In einer ganz ähnlichen Ausgangslage begegnen wir dem Protagonisten dieses Romans. Mit dem kleinen, aber feinen Unterschied, dass Ben vom Leben nichts mehr erwartet. Mit seinen 29 Jahren ist er verbittert, von Zynismus zerfressen und hat sich jedwedes Schönreden erfolgreich abtrainiert. Für ihn gibt es nur die gnadenlose, zuweilen bitterböse und ungefilterte Wahrheit. Doch genau diese kompromisslose Ehrlichkeit des Protagonisten gibt dem ganzen Roman eine herrlich humorvolle Note.
Mir hat „Von hier betrachtet sieht das scheiße aus“ wirklich gut gefallen und ich finde es ist ein außergewöhnliches und beeindruckendes Roman-Debüt.
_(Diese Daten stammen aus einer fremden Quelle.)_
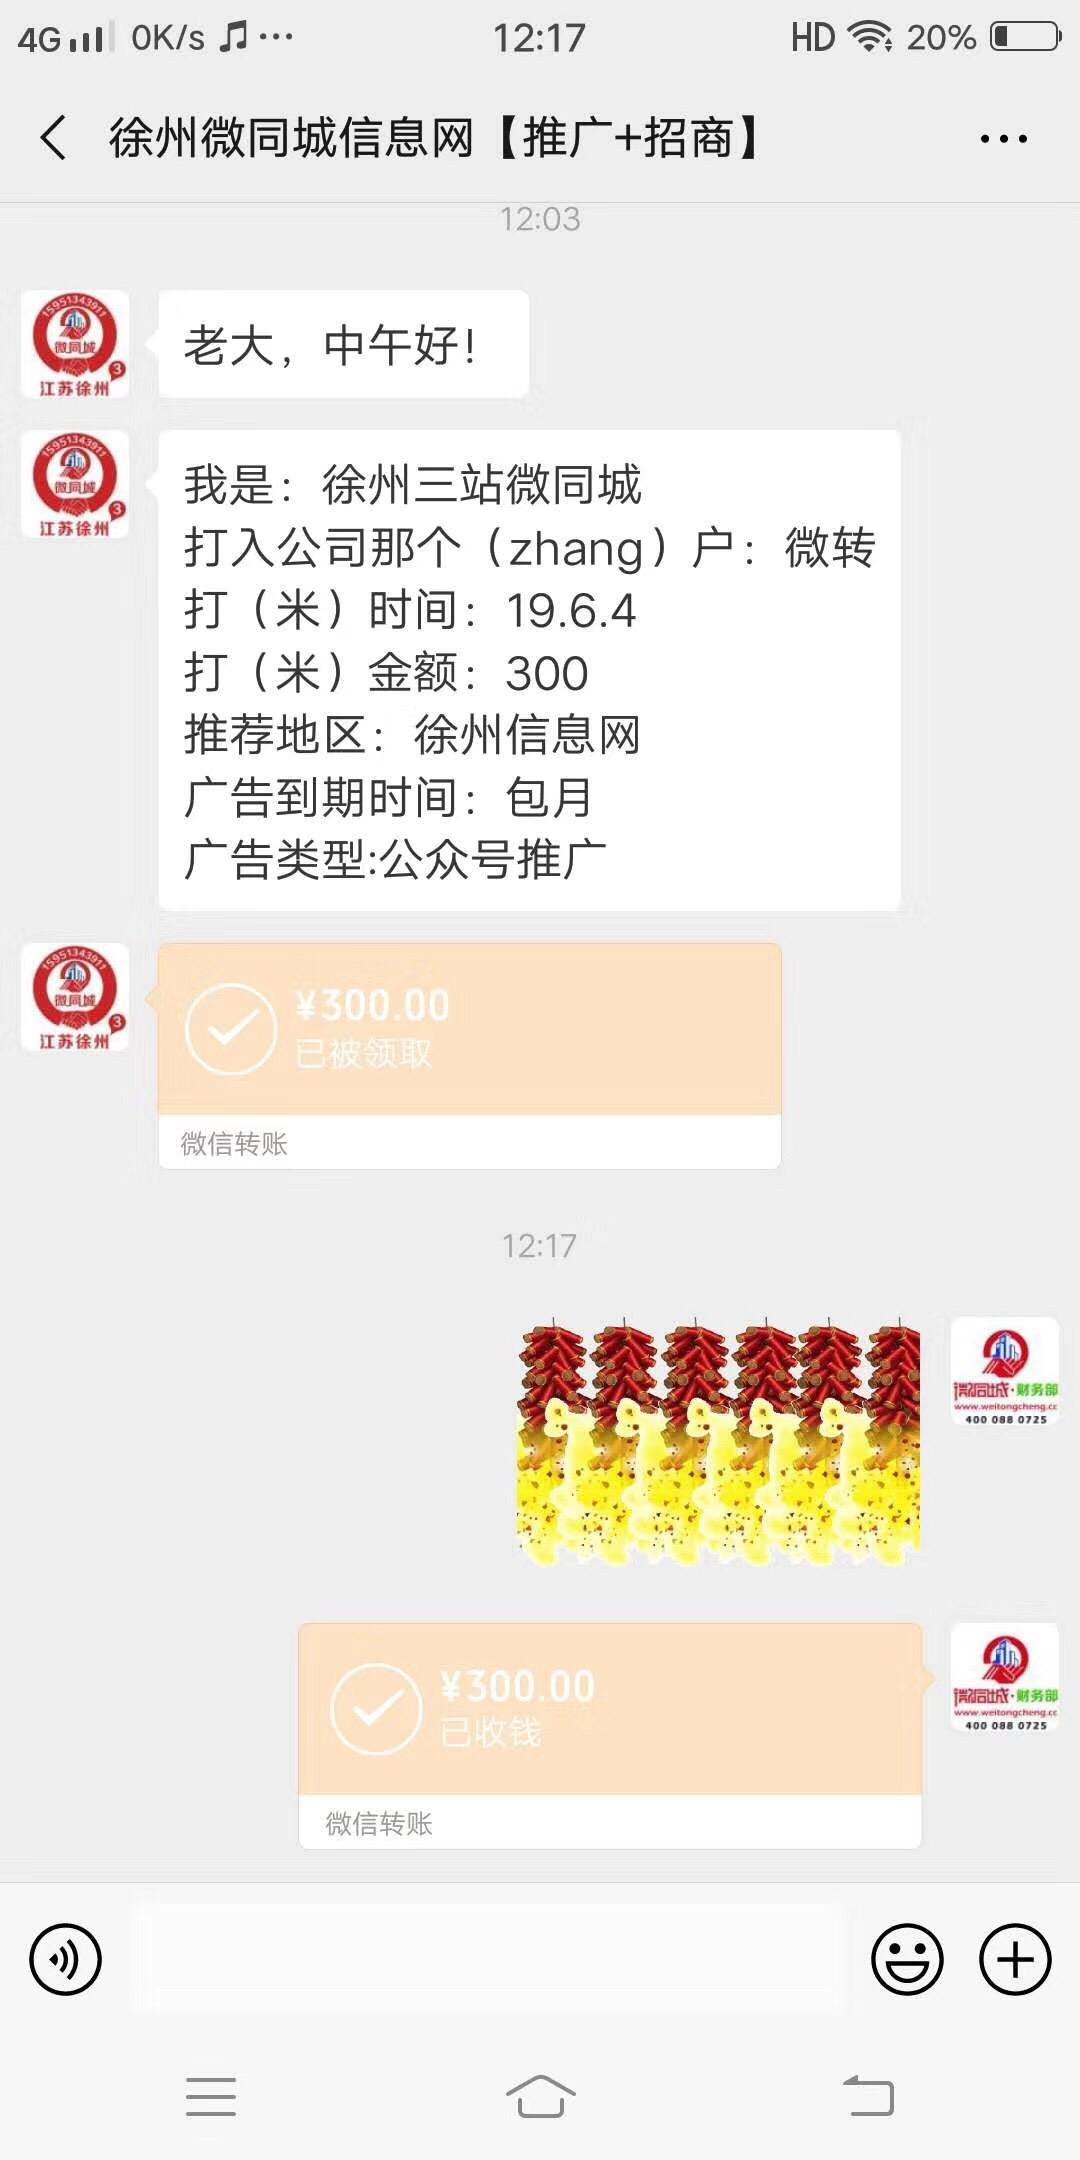 【公众号推广】祝贺徐州微全城微帮三站

Es ist diese Kombination aus Düsternis und humorvoller Spitzzüngigkeit, die mir auf Anhieb gefallen hat.
Der Schreibstil ist packend und modern und die Seiten fliegen binnen kürzester Zeit nur so dahin. Ich habe das Buch in einem Rutsch gelesen, weil ich es nicht beiseitelegen könnte.
Ich sollte dabei erwähnen, dass sich Osswald sehr expliziter Sprache bedient (was angesichts des Titels keine Riesenüberraschung ist) und damit vielleicht nicht jedermanns Geschmack trifft. Meiner Meinung nach hat das aber auch sehr gut zum Charakter der Geschichte und des Protagonisten gepasst.
Zuletzt haben mir auch die Kapitel und einzelne Gestaltungselemente im Buch sehr gefallen, sozusagen das Tüpfelchen auf dem i.
Geschrieben wird in der Ich-Perspektive, sodass man uneingeschränkten Zugang zu den Gedanken und Gefühlen Bens bekommt. Das fand ich super, denn so erhält seine Figur schnell Kontur und wird nahbarer. Dadurch wurde es auch um einiges leichter seinen düsteren Gedanken zu folgen und sich in ihn hineinzuversetzen. Mit seiner sarkastischen und der negativen Grundeinstellung wirkt er zwar nicht immer sympathisch, aber als Figur sehr echt.
Ben ist in der Tat ein außergewöhnlicher Protagonist und hat eine sehr mitreißende Entwicklung gemacht. Von seiner anfänglichen Lähmung durch die Last seines eigenen Lebens beginnt er in seinen letzten 50 Tagen weitere drastische Veränderungen vorzunehmen und scheint sich dabei nach und nach aus seinem Käfig zu befreien. Dabei fand ich wirklich gut, dass der Autor hier auf jedwede rosarot geschmückte Szene neuentfachter Lebensfreude verzichtet hat und Ben sich stattdessen langsam und ausführlich mit seiner Situation befassen musste.
Dabei ergibt sich so manch eine überraschende Situation oder neue Begegnung, die auch den Leser den ein oder anderen Denkanstoß mit auf den Weg gibt.
Unterm Strich ist „Von hier betrachtet sieht das scheiße aus“ ein sehr gelungenes Erstlingswerk. Kurzweilig und doch ungewöhnlich lädt es seine Leser ein auf eine Suche nach den Sinnbringenden Dingen des Lebens und macht Mut sein Leben einzig nach den eigenen Ansprüchen und Wünschen auszugestalten.
Ich hoffe, wir werden noch einiges von Max Osswald hören, bis dahin kann ich aber nur jedem nahelegen, diesem Roman eine Chance zu geben.